29. Twenty-Nine
twenty-nine
Getting back to the temple proved to be a bit of a hassle. She tiptoed around her rooms in the pitch dark to not alert anyone, dressed in her travel clothes and a cowled cloak, and had to sneak by several guard posts – two of which caught her, and she had to make up a story on the spot about why the queen was creeping around the palace in the middle of the night, dressed like a thief. Neither of them believed her lie that she was an avid bird watcher and sensitive about the topic, but they didn’t dare openly defy her.
As far as rumours went, and Neira had no doubt that surely some would crop up, this felt rather harmless.
She had also missed the ivy-covered gate and had to backtrack, and with only a sliver of a crescent moon as a light source.
The winding road from palace gates to temple was deserted, and despite the eeriness of it she did stop to look out at the bay. Several spots of light winked back at her in the clear night, from either the barrier islets or ships. The harbour was a brighter glow along the shore, Duskport itself never truly sleeping. She couldn’t hear the revelry from so far away, but no doubt that was there the taverns were. Brothels too, she supposed, and all manner of other entertainment.
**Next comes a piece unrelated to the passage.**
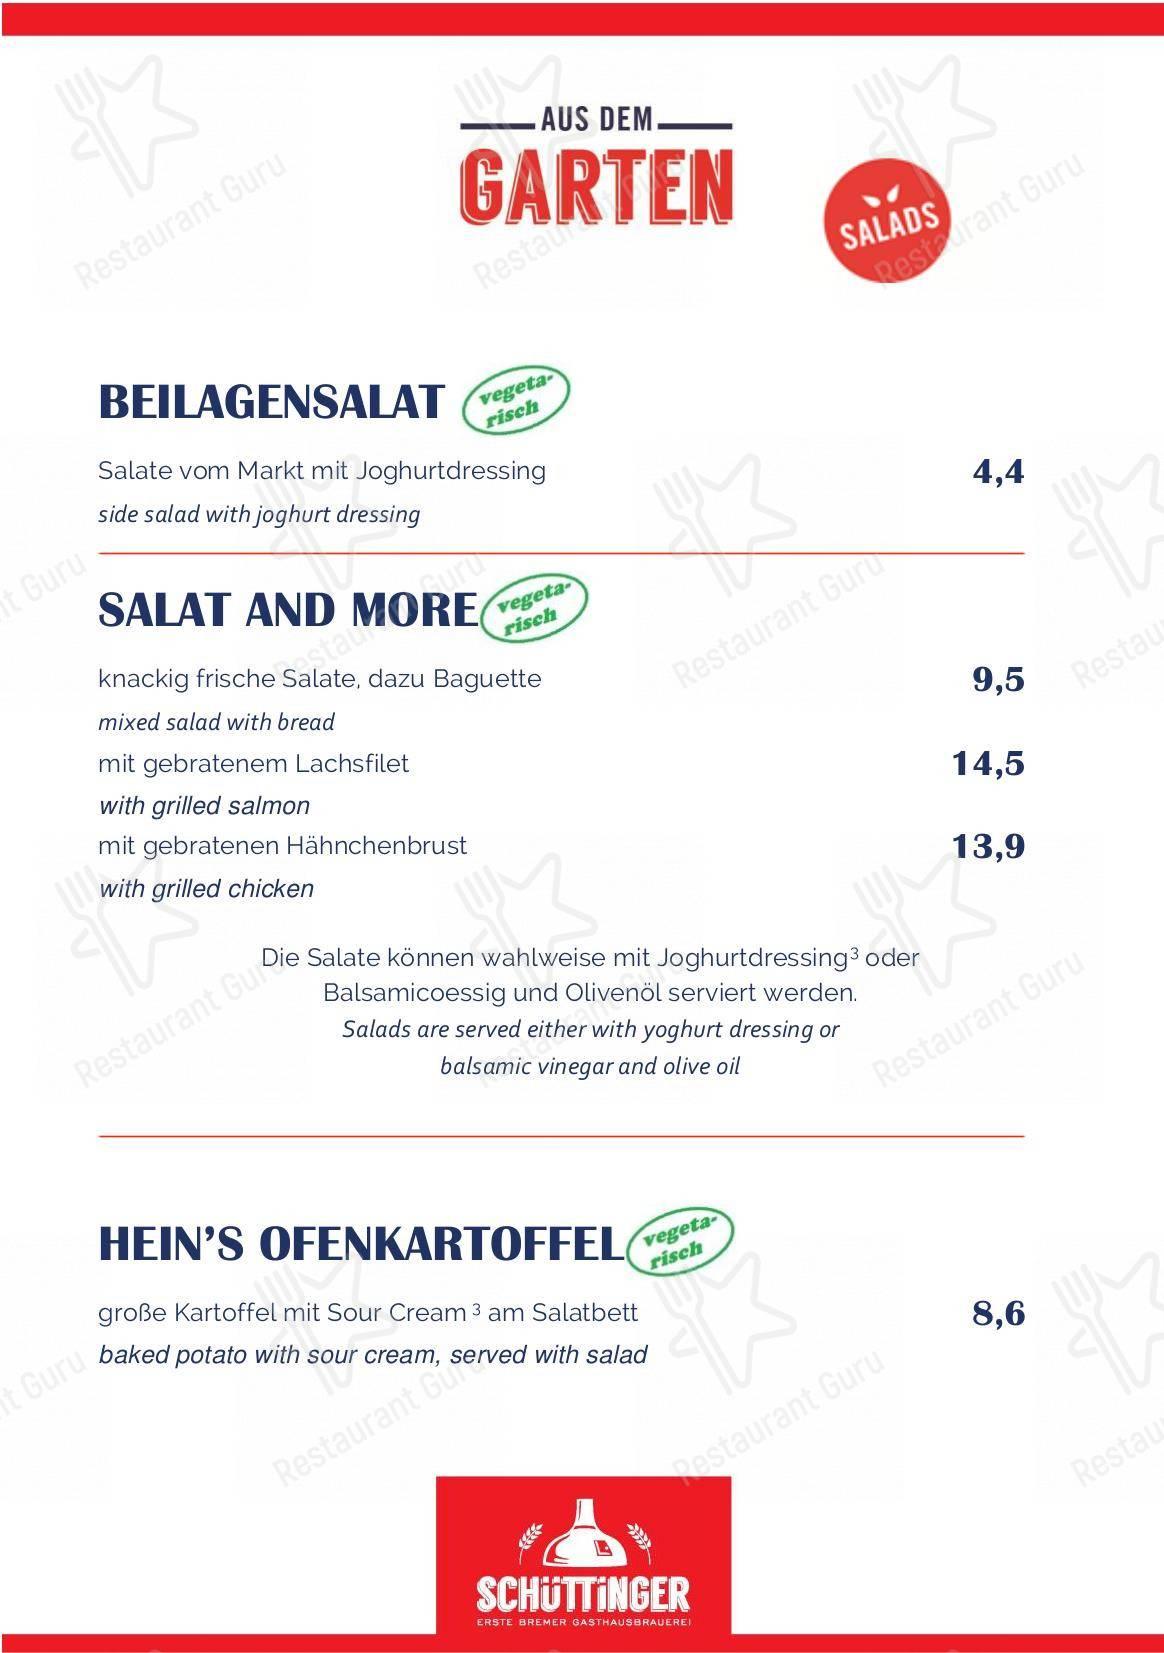 Schüttinger Gasthausbrauerei menu - meals and drinks

When she finally found her way back to the temple, the doors were as open as they had been that afternoon. The foyer was empty, quiet, but faintly illuminated – constellations etched into the floor, unnoticed by her that afternoon, where glowing with the same starlight as in the sky. The side corridors, in contrast, were pitch dark. Without an acolyte to lead the way, there was no way she'd find her way to the morgue.
Frustration gnawed at her once more. If she made a ruckus, someone would come, but she couldn't be sure she would be granted the same warm welcome as earlier. Not at this hour, and certainly not without Erqis. He was the one who held everyone in his fist, not her.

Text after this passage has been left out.